In high-risk perforation cases, severely diseased remnant TM was removed. This included removal of all myringitis, thickened prior graft, devascularized tympanosclerosis, and scar tissue. The entire graft was placed in an underlay fashion, with the cartilage facing medially and perichondrium adjacent to TM remnant and malleus fitting in the groove. Anterosuperiorly, the perichondrium was also tucked for approximately 2–3 mm under the anterior canal wall skin.
In atelectatic ears, the middle ear cleft was entered below RP. The atrophic TM was elevated off mesotympanum and ossicles and excised. If necessary, the posterior bony margin was drilled/curetted. The semilunar cartilage island graft was placed underlay between the manubrium of the malleus and the posterior bony meatal margin. Anteriorly, it is supported by inserting the perichondrium through a pocket created between the manubrium of the malleus and the overlying TM. Posteriorly, the flap of the perichondrium was draped over the posterior canal wall.
In Group B, standard underlay graft technique with TF was carried out in all cases with high-risk perforation and atelectatic ears.

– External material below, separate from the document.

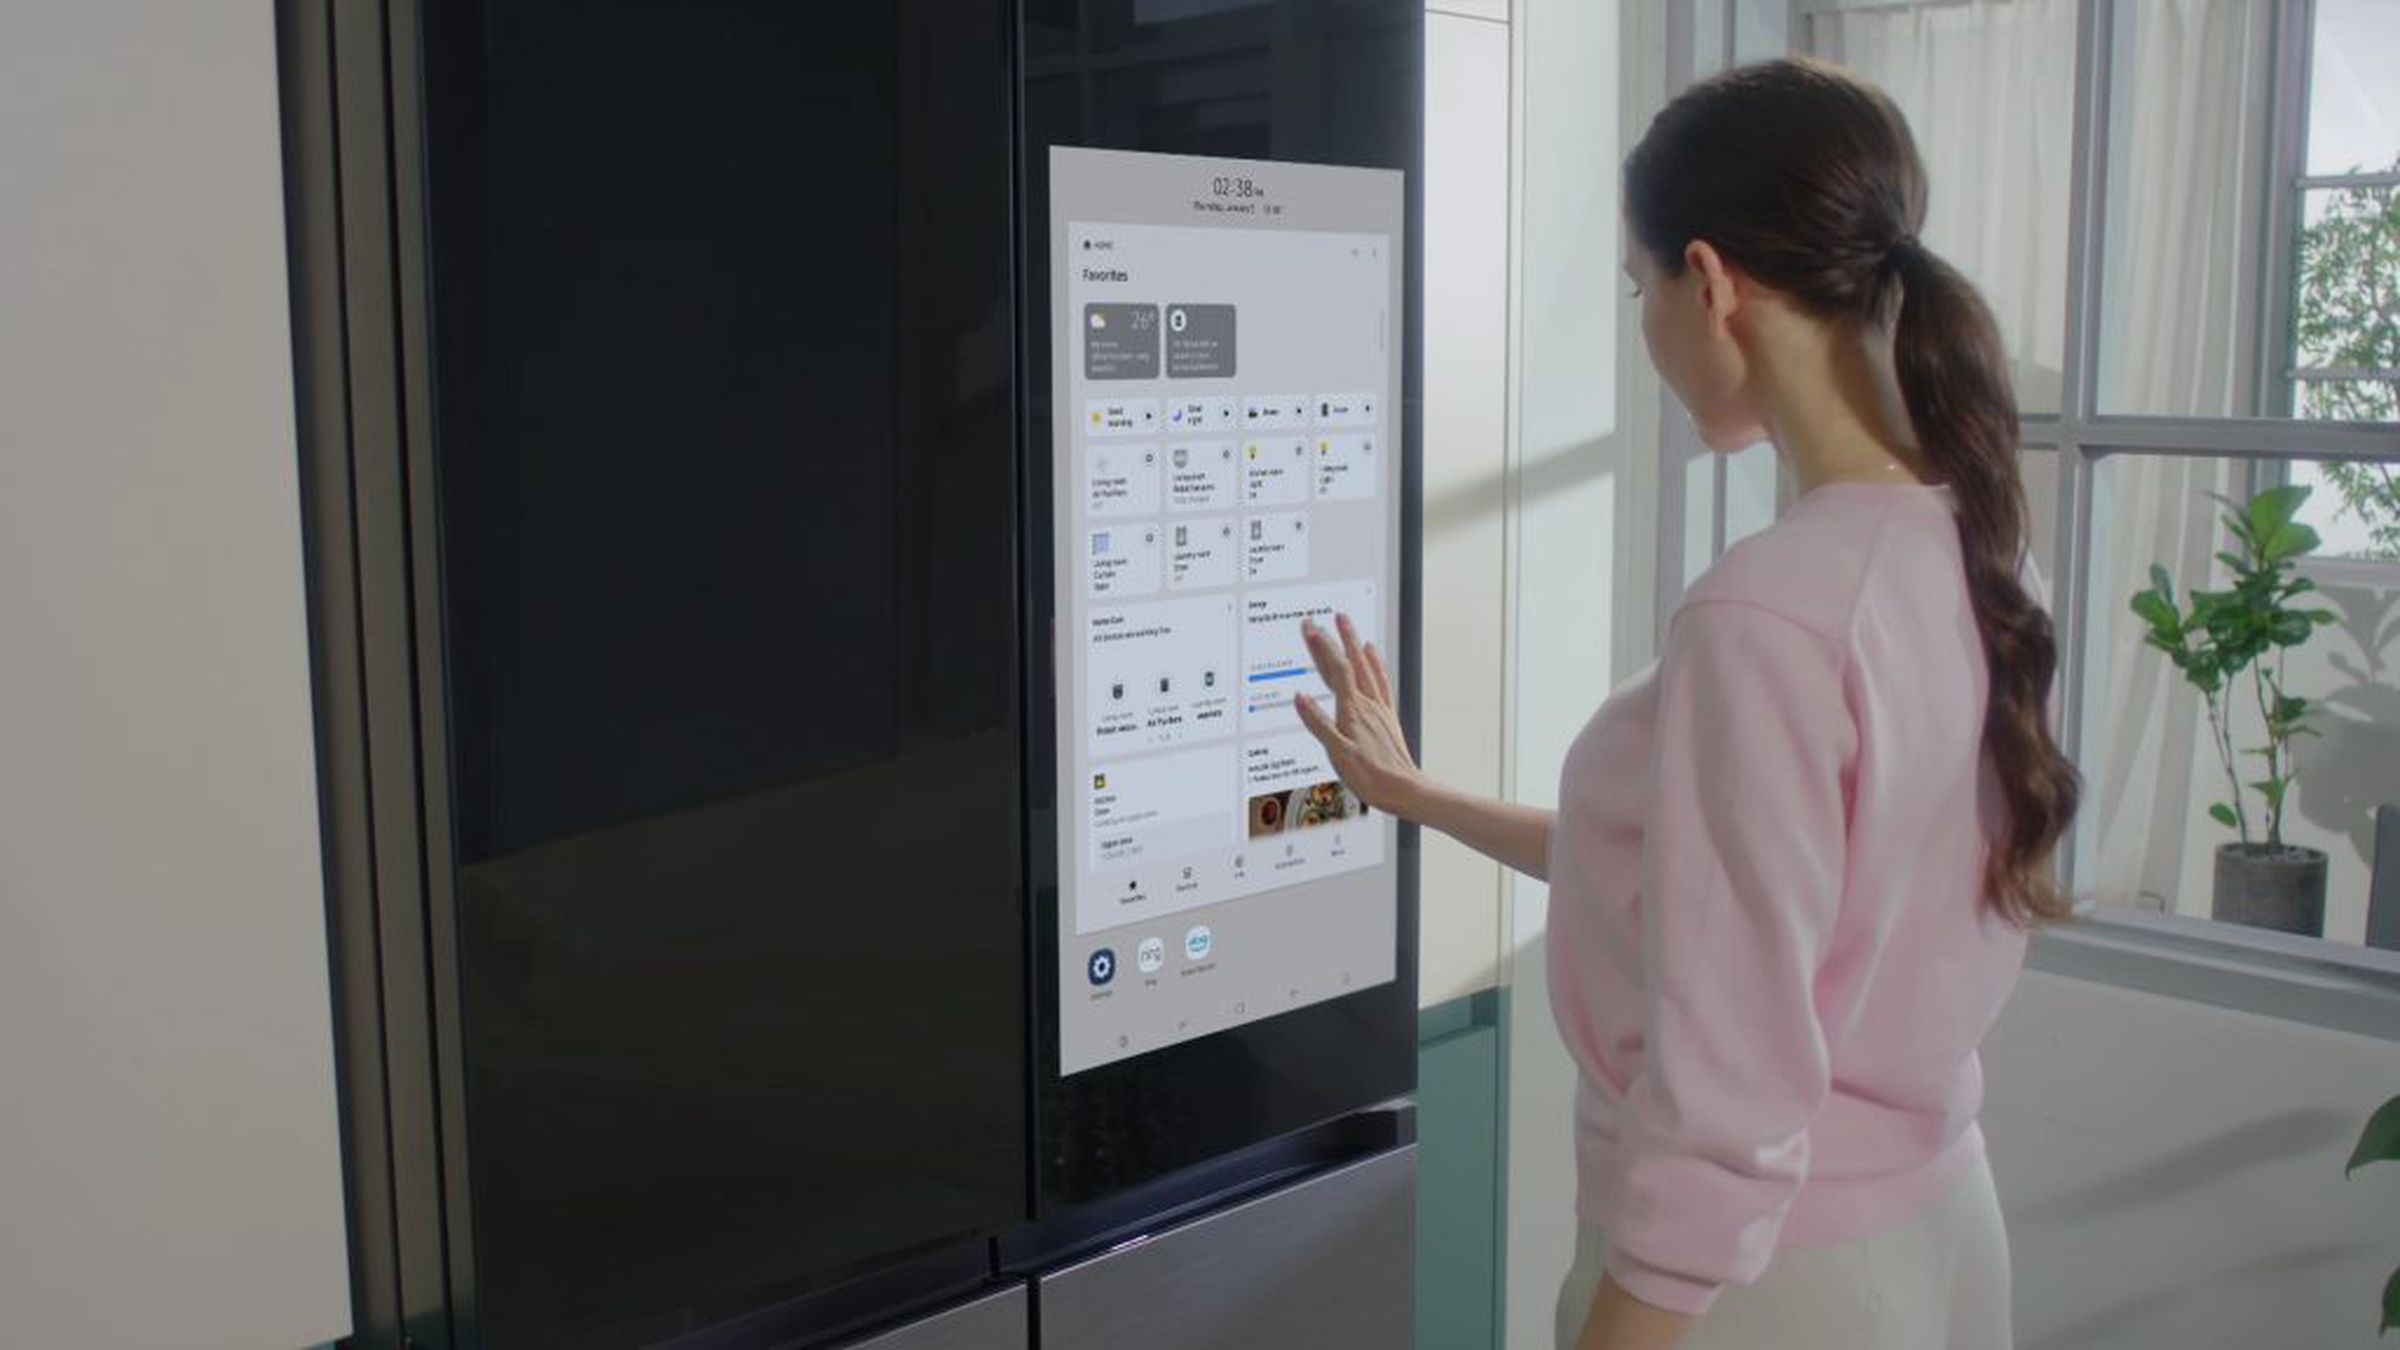 Una mujer usando el refrigerador Samsung Bespoke Refrigerador Family Hub Plus.  Ella está ajustando los controles en la pantalla táctil en una cocina limpia.

Postoperative care and follow-up
At 3 weeks, antibiotic-steroid drops and Valsalva were advised for additional 2 weeks. Postoperatively, TM was examined for the following features: reperforation/graft failure and recurrence of RP at 6 months–24 months. Hearing results were reported using a four-frequency (0.5, 1, 2, and 3 kHz) pure-tone average air-bone gap (PTA-ABG). Audiometry was carried out at 6 months (short-term hearing outcome) and 24 months (long-term hearing outcome) [Figure 3]. | Figure 3: Postoperative ear with perichondrium-cartilage island graft (left ear)
Click here to view |
Statistical analysis
Appropriate statistical tests were applied to determine the outcome of the comparative study. Descriptive statistics were done for distributions of cases. For quantitative parameters, the mean and standard deviation were measured. A Chi-square test was carried out to compare postoperative graft uptake between the two groups. Pre- and postoperative audiological outcomes in each group were compared using paired t-test. Student's unpaired t-test was applied for evaluation of hearing outcome between the two groups. For data analysis, Statistical Product and Service Solutions (SPSS) is owned by IBM. The headquarter of IBM is situated at New York, United States of America was used and significance was set at P < 0.05.
| Results | | |
A total of 110 patients, who met the inclusion criteria, were evaluated for graft integration rate and hearing outcomes (short and long term) in both the groups. In Groups A and B, the mean age of patients was 38.37 years and 32.25 years, respectively. In Group A, 28 patients (51.8%) were female as compared to 31 patients (55.3%) in Group B. In Group A, 26 patients (48.10%) were male as compared to 25 patients (44.6%) in Group B. The distribution of cases with high-risk perforations and atelectasis in Groups A and B is shown in [Table 1].
Graft integrity outcome
Cases had a follow-up for 24 months and were observed for long-term graft uptake. The results were documented and studied. The mean graft integration rate in Group A was 96.29%; two patients had a failure with recurrent perforation [Table 2]. The graft take rate in Group B was 82.14%; 10 patients had a failure (reperforation – 8 and recurrence of RP – 2). In Group B, failure was predominantly observed in cases with revision surgery and draining ears at the time of surgery. A Chi-square test was carried out for postoperative graft uptake in two groups (P < 0.05). Better graft take rate was seen in Group A with PCI graft than Group B with TF graft in the long term.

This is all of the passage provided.